Offstage, though, the stranger kind of performances just kept on coming. In 2003, Jackson appeared in a two-hour documentary with British journalist Martin Bashir. When Bashir asked him about taking boy visitors to Neverland for sleepovers, Jackson answered, "The most loving thing to do is to share your bed with someone, you know?" At one point in Bashir's film, a 13‑year-old cancer patient could be seen holding hands with Jackson. Soon that boy would be the accuser in a criminal case brought by the same district attorney who had investigated Jackson in '93. This time, Sneddon persuaded a grand jury to bring a felony indictment against the singer for child molestation, conspiracy and giving alcohol to a minor.
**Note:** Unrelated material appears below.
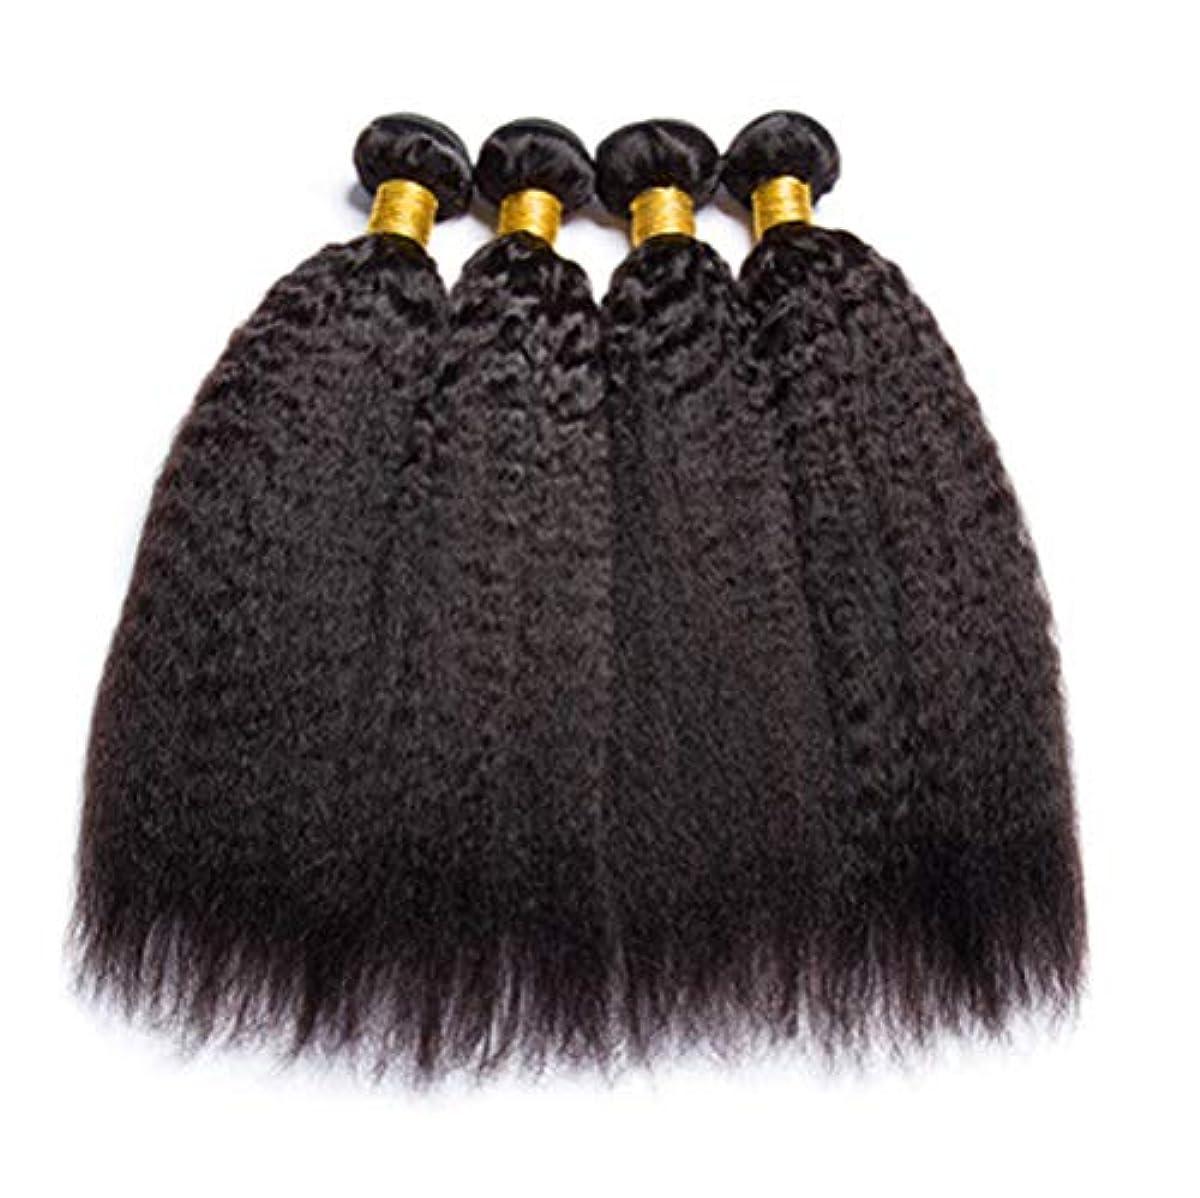 摩擦矛盾ロードされた髪織り女性150%密度ブラジル髪バンドル人間の髪バンドルストレートヘア1バンドル非レミー髪

What followed, starting in February 2005, was a 14-week trial by jury and by media. Since cameras weren't allowed in the courtroom, E! Entertainment Television produced nightly staged re-enactments of the previous day's testimony. The prosecution brought out porn magazines seized from Jackson's house and called the boy to testify that Jackson had plied him with wine Jackson allegedly called it "Jesus juice" before making his moves. But it also called to the stand a parade of witnesses who had to admit they had lied in other proceedings or sold their stories to the tabloids. And it had to contend with an 80-minute video produced by the Jackson camp in which the boy's mother went on about how grateful she was for the time her son had spent with him. The jury found Jackson innocent on all counts.